Референт
Шрифт:
– Прошу вас сегодня к двум часам выяснить, что происходит в литейке. Вчера завклубом докладывал мне, кто-то там из формовщиков занимается самодеятельностью: в свободное время формуют и льют какие-то скульптуры, мало того, просят выставку им устроить. Металла нам не жалко, но надо помнить: выставка - акт идеологический.
– Я слышал об этом...
– осторожно заметил Николай Фаддеевич, хотя ровным счетом ничего не знал. Но он не мог, и это еще один закон Аппарата управления, уронить себя в глазах руководства. Осторожно за спиной шефа на цыпочках ретировался Вершиков из Кресла и устроился на стуле, где минутой раньше сидела Верочка Быковяк. Сиденье было еще теплым.

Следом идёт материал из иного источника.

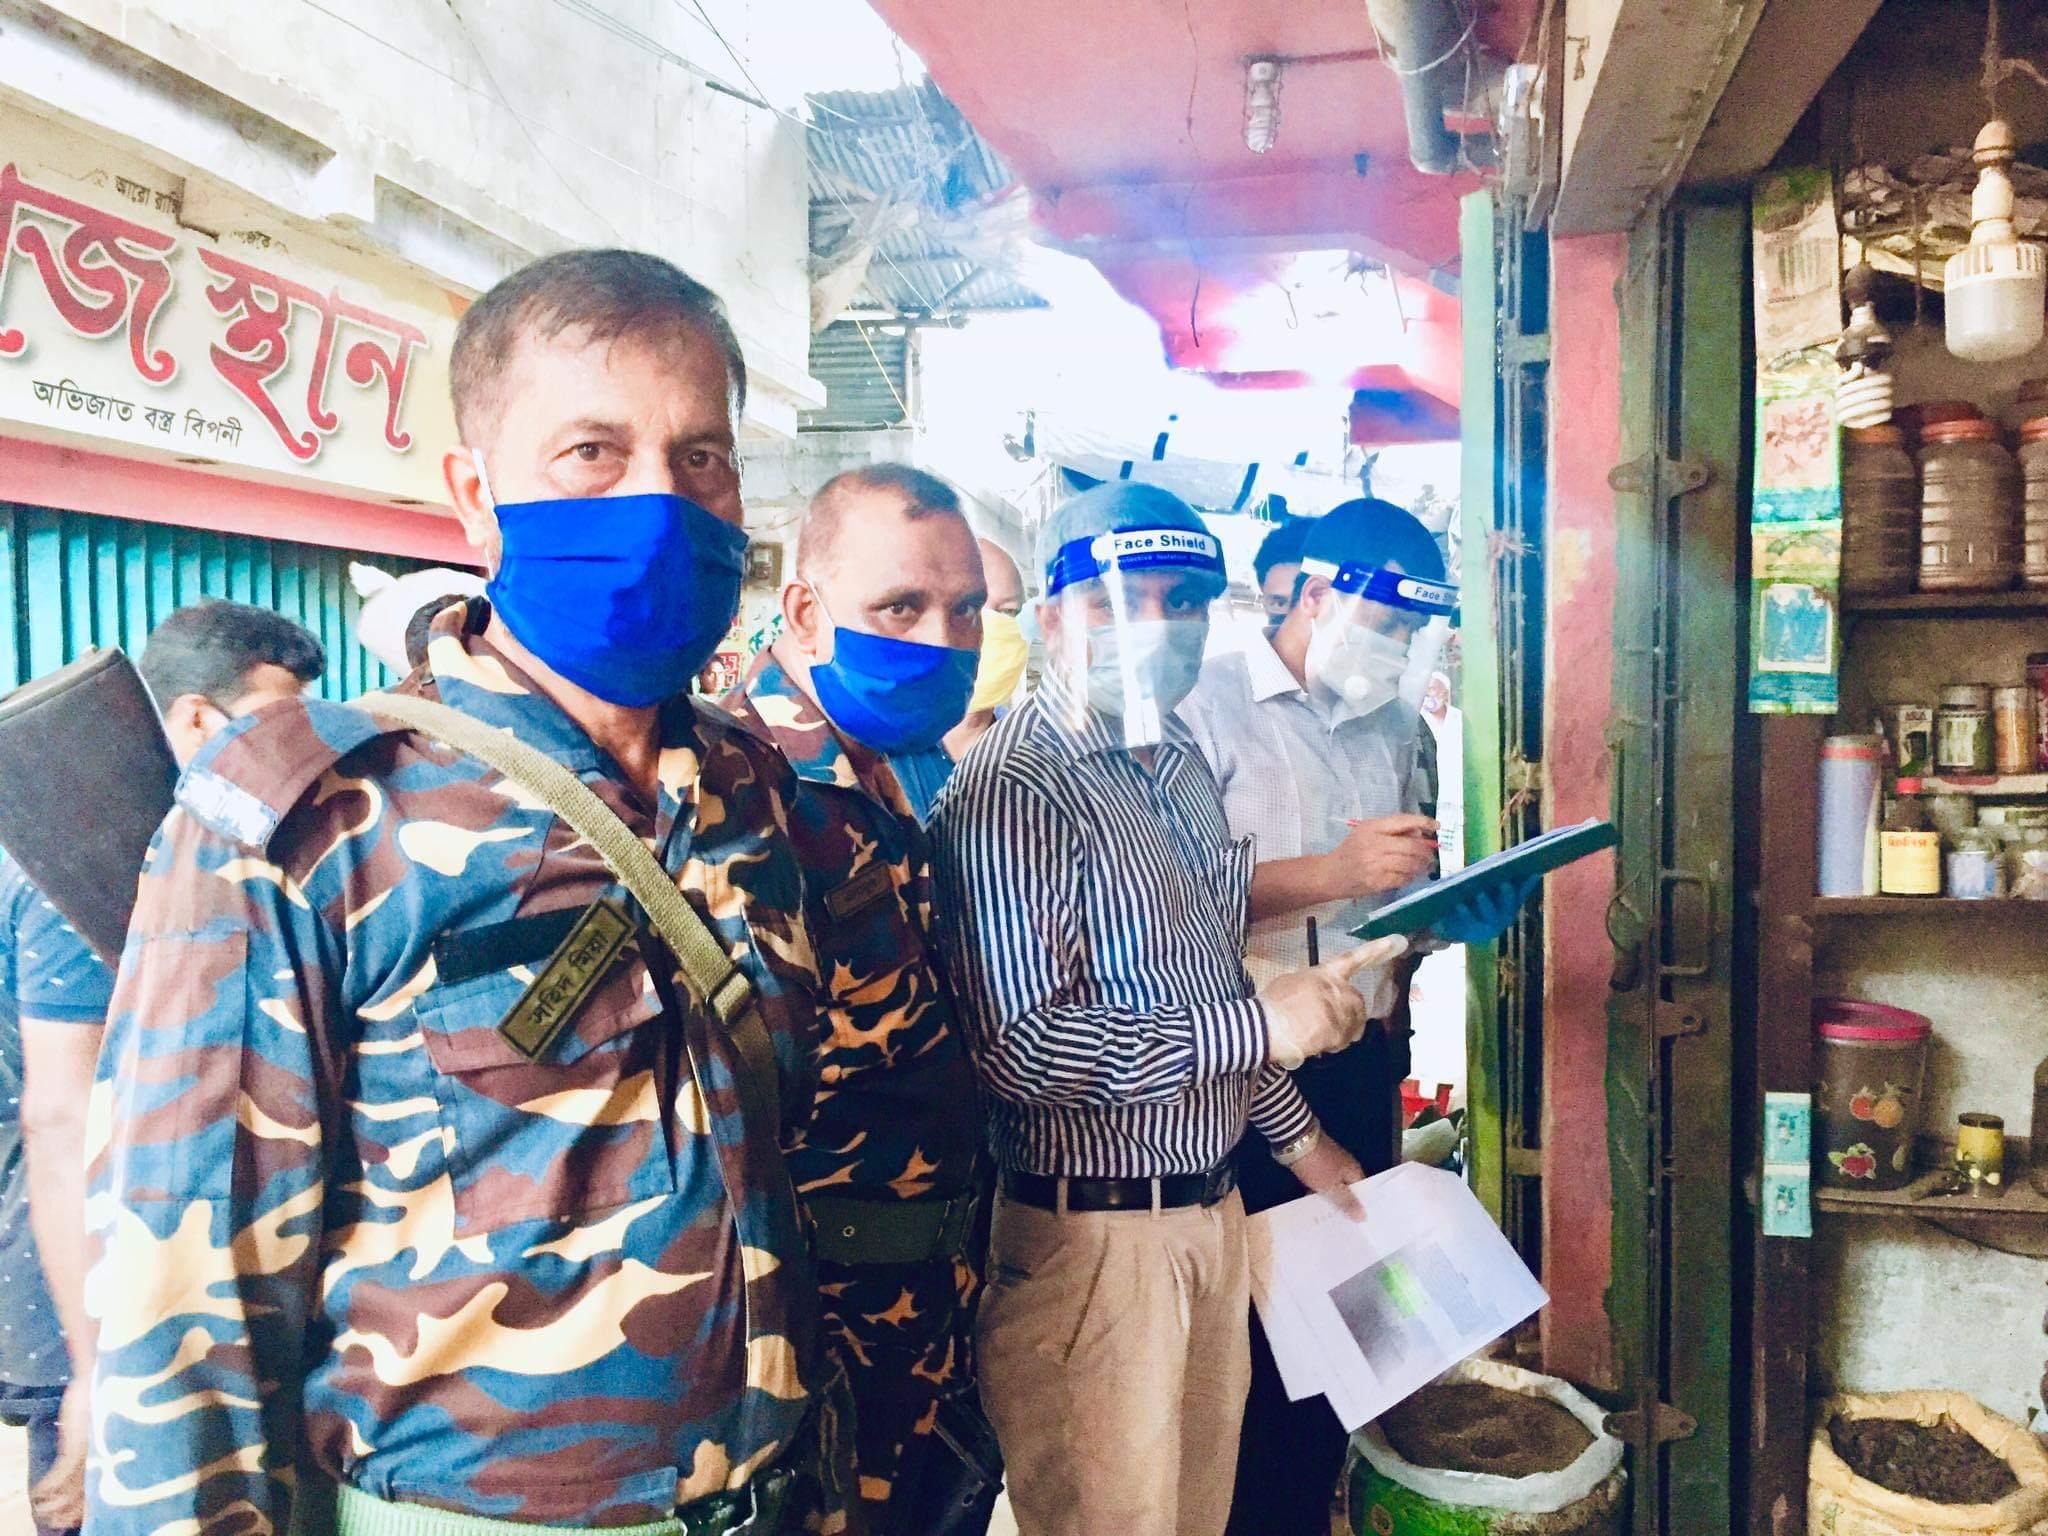 ঈদগাঁওতে ৬ দোকানদারকে জরিমানা l Channel Cox News
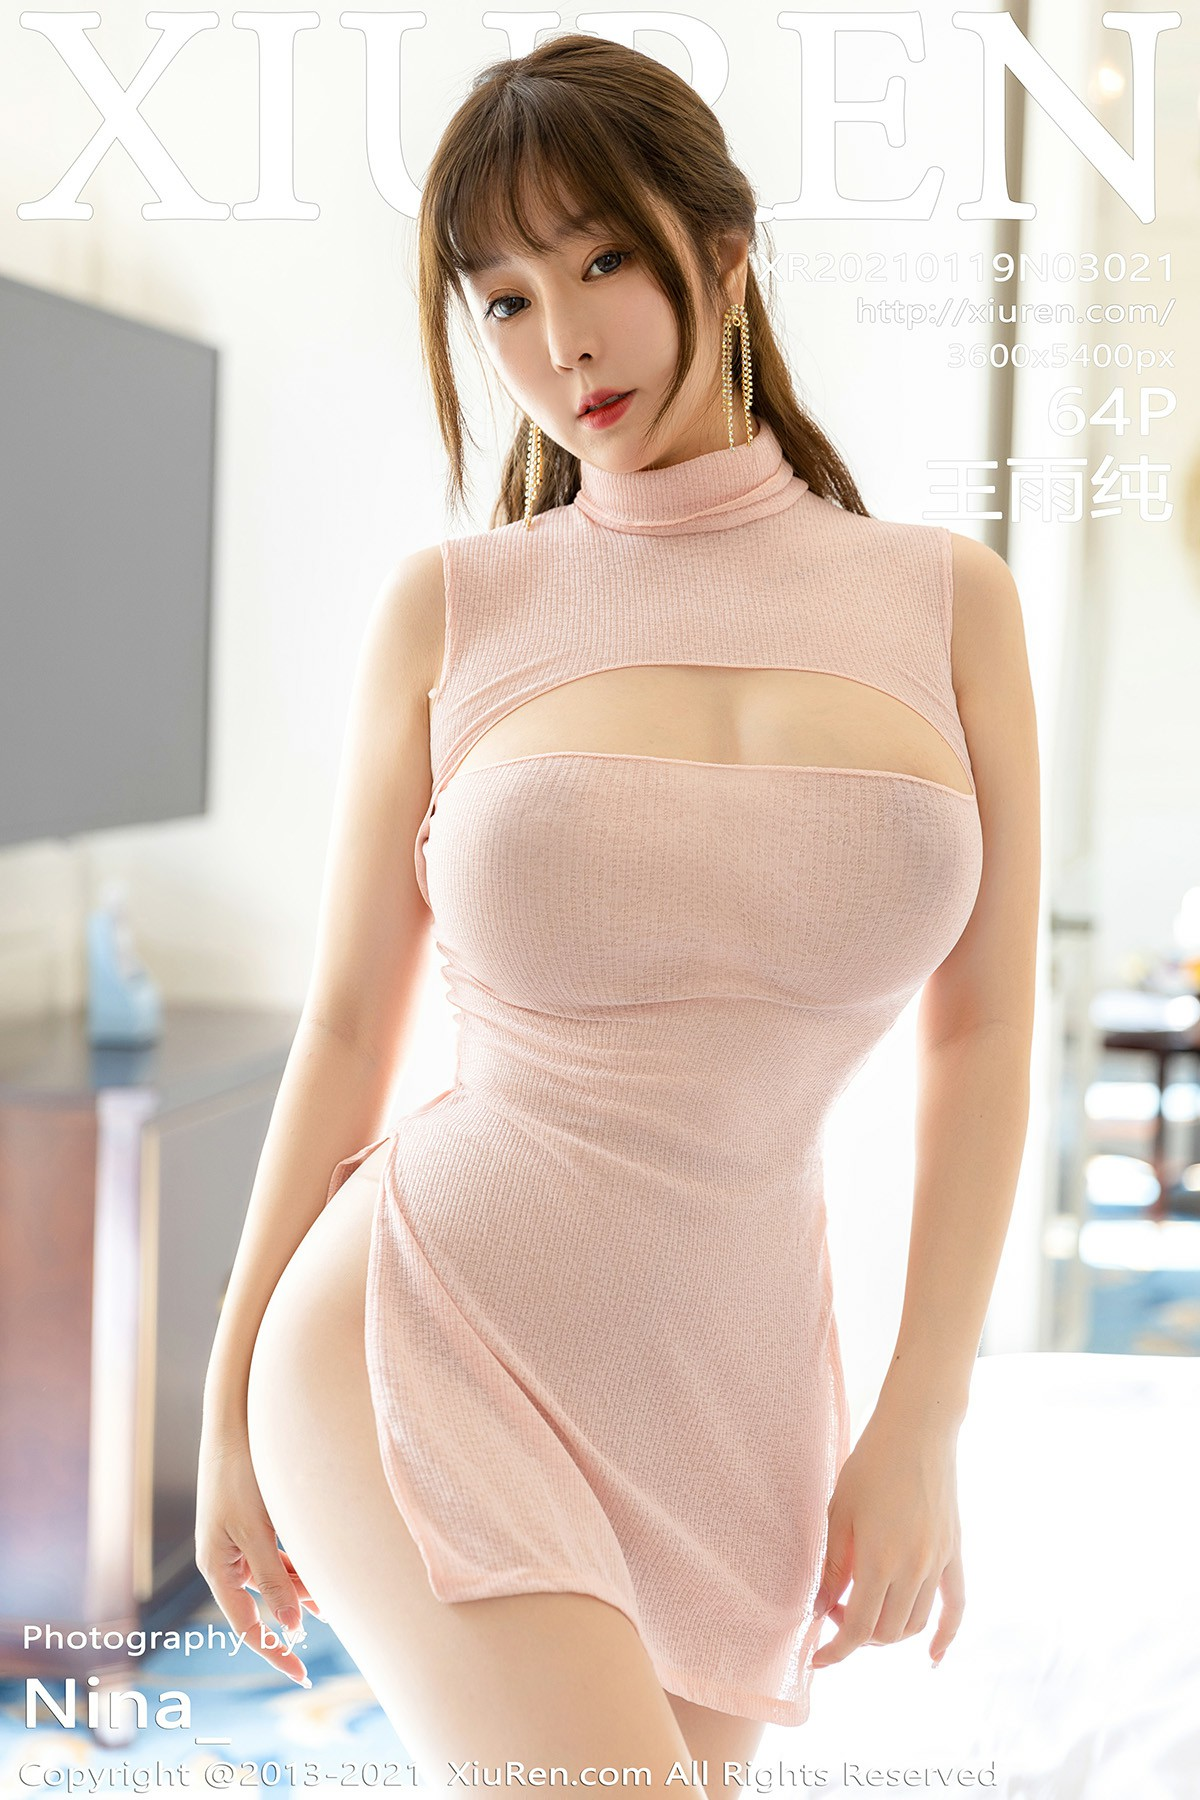 [XiuRen秀人网] 2021.01.19 No.3021 王雨纯

– Вот и выясните все досконально, доложите мне...
– Борис
– В два часа я буду свободен.
Николай Фаддеевич, настороженно слушая Хмыкова, вдруг подумал, чем нагрето сиденье стула. В возбужденном его мозгу возникли два соблазнительных колена, белая кожа которых будто светилась изнутри розовым светом. Ноги, чуточку раздвинутые, изгиб спины, круто переходящий в оттопыренную... Тепло... Он зажмурился.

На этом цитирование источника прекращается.